After reaching the final of Britain’s Got Talent 2018, the high-flying girl group, The D-Day Darlings, launches a debut album this month. At the heart of the Darlings’ modern take on wartime classics are four girls from the Midlands, says David Johns. Photography by Eddie Macdonald
One of the most emotional moments in Britain’s Got Talent history came earlier this year when the D-Day Darlings performed in the final. With not a dry eye in the live audience, or we suspect among the millions watching on TV, the girls – resplendent in WRAF uniforms, 1940’s hairdos and scarlet red lipstick – sang Dame Vera Lynn’s famous war anthem, The White Cliffs of Dover, in an atmosphere of patriotism and flag-waving matched only by the Last Night of the Proms.
As the nine girls completed the last few bars of the song, they were joined onstage to a huge roar from the audience by a line-up of war veterans from all branches of the services. I’ve watched over and over the performance, and each time I have had to reach for the tissues. So, when I spoke with ‘Darling’ Jessica Hudson from Solihull, my first question was if the girls found the occasion equally moving?
“Having the veterans there with us was an amazing, memorable moment,” she recalls. “All of us in the group have family going back who served in the wars. My great great grandfather was killed in WW1 in 1916, aged 30, and is buried on the Somme. The veterans asked us if they could come on stage, it wasn’t the other way around. They wanted to be part of it, and we loved having them join us.”
Jessica, 28, is one of four Darlings from the Midlands – Emily Jane Brooks and Kylie Bates are both from Coventry, while Yorkshire-born founder Katie Ashby now lives in Tamworth and has been in the Birmingham area for more than 15 years. Katie formed the group, originally a trio, in 2008 with the intention of invoking and celebrating the true spirit of the wartime era and the beautiful, heartfelt music recorded during the period. Over the years, it has grown to the current nine performers.

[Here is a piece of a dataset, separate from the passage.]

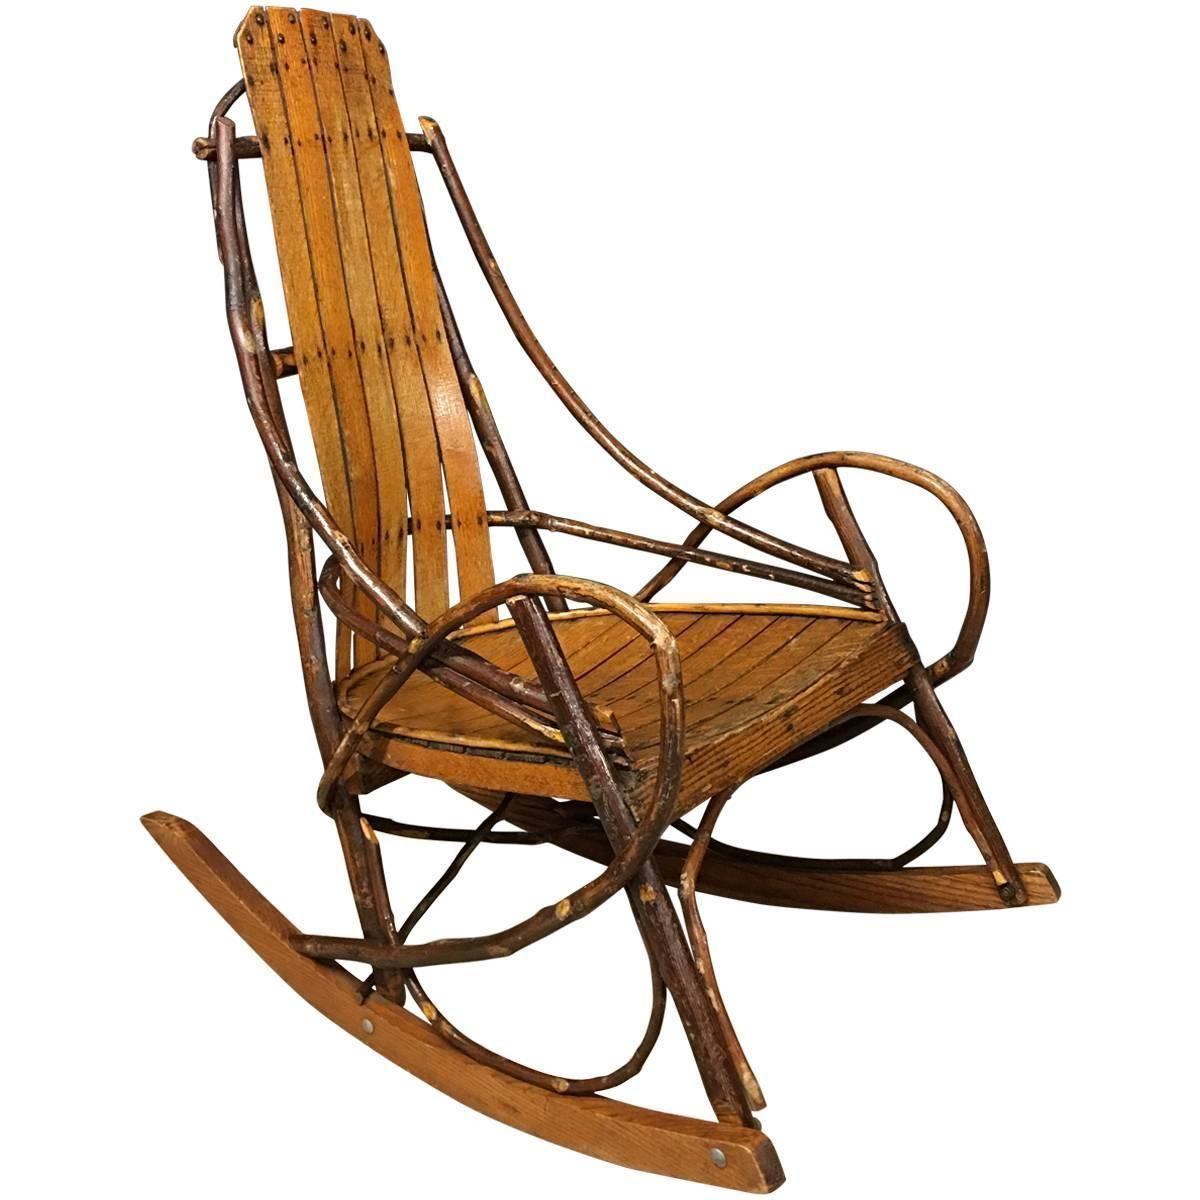 1920s Rocking Chair Ergonomic Stokke Varier Thatsit Vintage American Adirondack My 1stdibs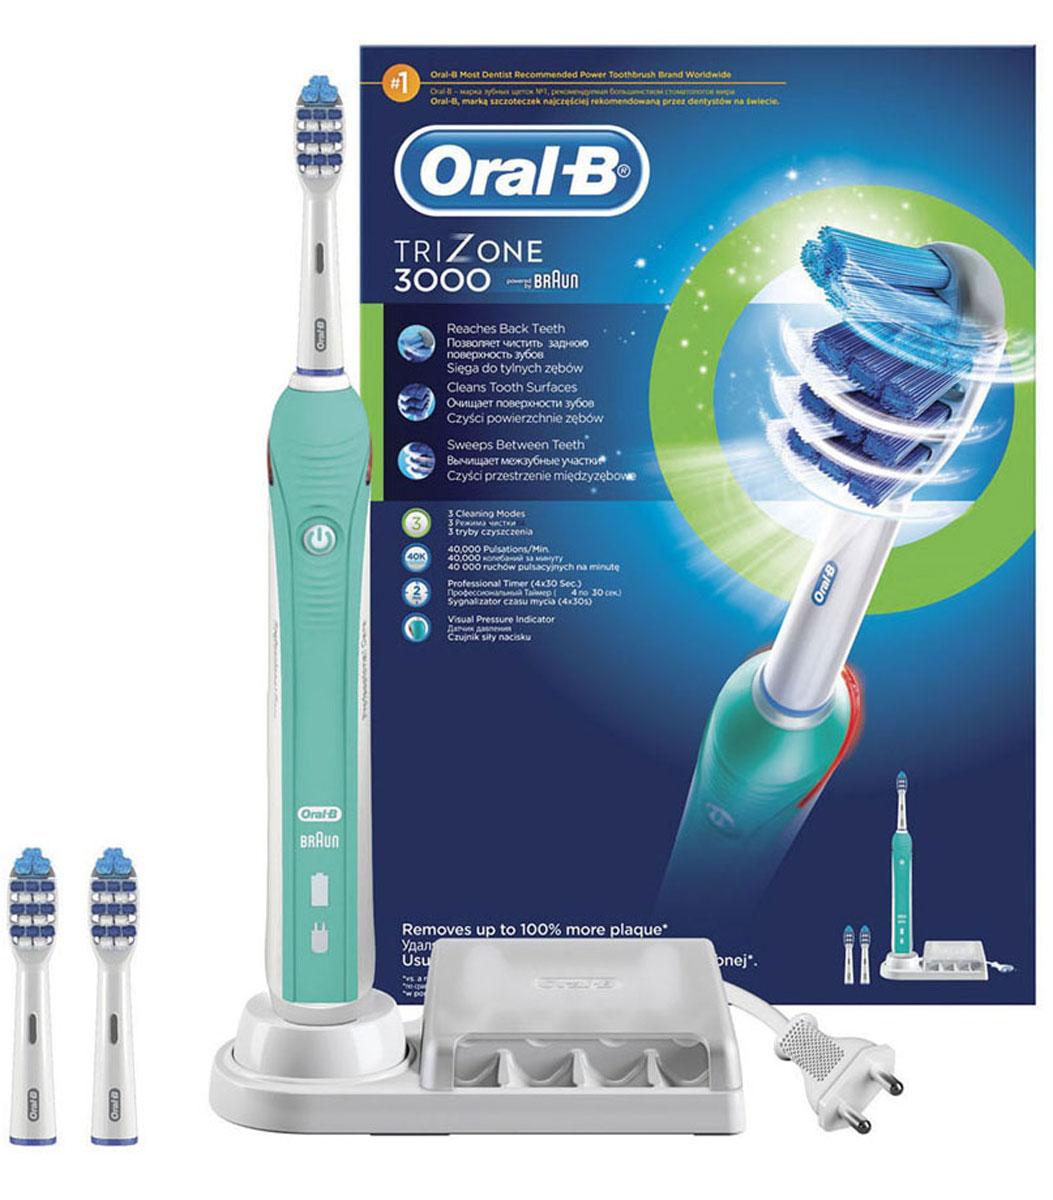 Электрическая зубная щетка Oral-B TriZone 3000

After their huge success on BGT, the Darlings signed a recording deal with Sony Music and this month sees the release of their first album, entitled I’ll Remember You. Produced by Tim Woodcock – who worked with huge acts such as Little Mix and The Wanted – it features all the wartime classics, including White Cliffs and We’ll Meet Again as well as two new songs co-written by Katie.
“The album is particularly special as this month marks 100 years since the end of WW1,” said Jessica. “All the classic wartime songs are there but with our own modern interpretation.” At the time of writing, Jessica and the Darlings were waiting to hear if they would be performing again at this year’s Royal British Legion Festival of Remembrance at the Royal Albert Hall – the girls, who are endorsed by Dame Vera, are official fund-raisers for the Legion having raised more than £40,000 so far. Just a few weeks earlier, they were part of a star-studded royal concert marking the centenary of the RAF at London’s Theatre Royal, Drury Lane. Also on the bill were the likes of Pixie Lott, Joanna Lumley, the cast of Wicked and the Royal Philharmonic Orchestra.
Jessica, who went to Smith’s Wood School before studying musical theatre at Stratford, joined the D-Day Darlings in 2014 after meeting Emily Jane while working as an entertainer/singer/dancer at Coombe Abbey Hotel, Coventry. “Being a D-Day Darling means so much to me,” she said. “I love singing with such amazing women, we are all very close and get to share incredible experiences.
“There have been so many highlights, like celebrating 100th birthdays, singing for our forces at Royal British Legion events, singing for veterans in Normandy, and of course being on Britain’s Got Talent. We have met some of the most incredible men and women who served our country. Seeing the memories that we bring back and the atmosphere that we create is very rewarding. The music is so special for young and old alike and we hope to keep this spirit alive in the new generation.”
As part of the Darlings mission to involve, enthuse and educate new generations in wartime history, Katie is launching two exciting initiatives; D-Day Darlings vocal academy and D-Day Juniors. Based at Riverside Studios, Kingsbury, the academy provides vocal coaching and is open to all ages, while the D-Day Juniors aims to create groups of singing and performing youngsters.
Katie said: “The new album happened really quickly, it took five or six weeks to turn around, and we are all very proud of it. With Sony’s backing we hope to bring out more albums and in the future we hope to add more people to the troupe.
“The possibilities are endless because this music appeals to all ages – older people who look back with nostalgia and young people who are part of the great revival in vintage culture and interest in this time in our history.”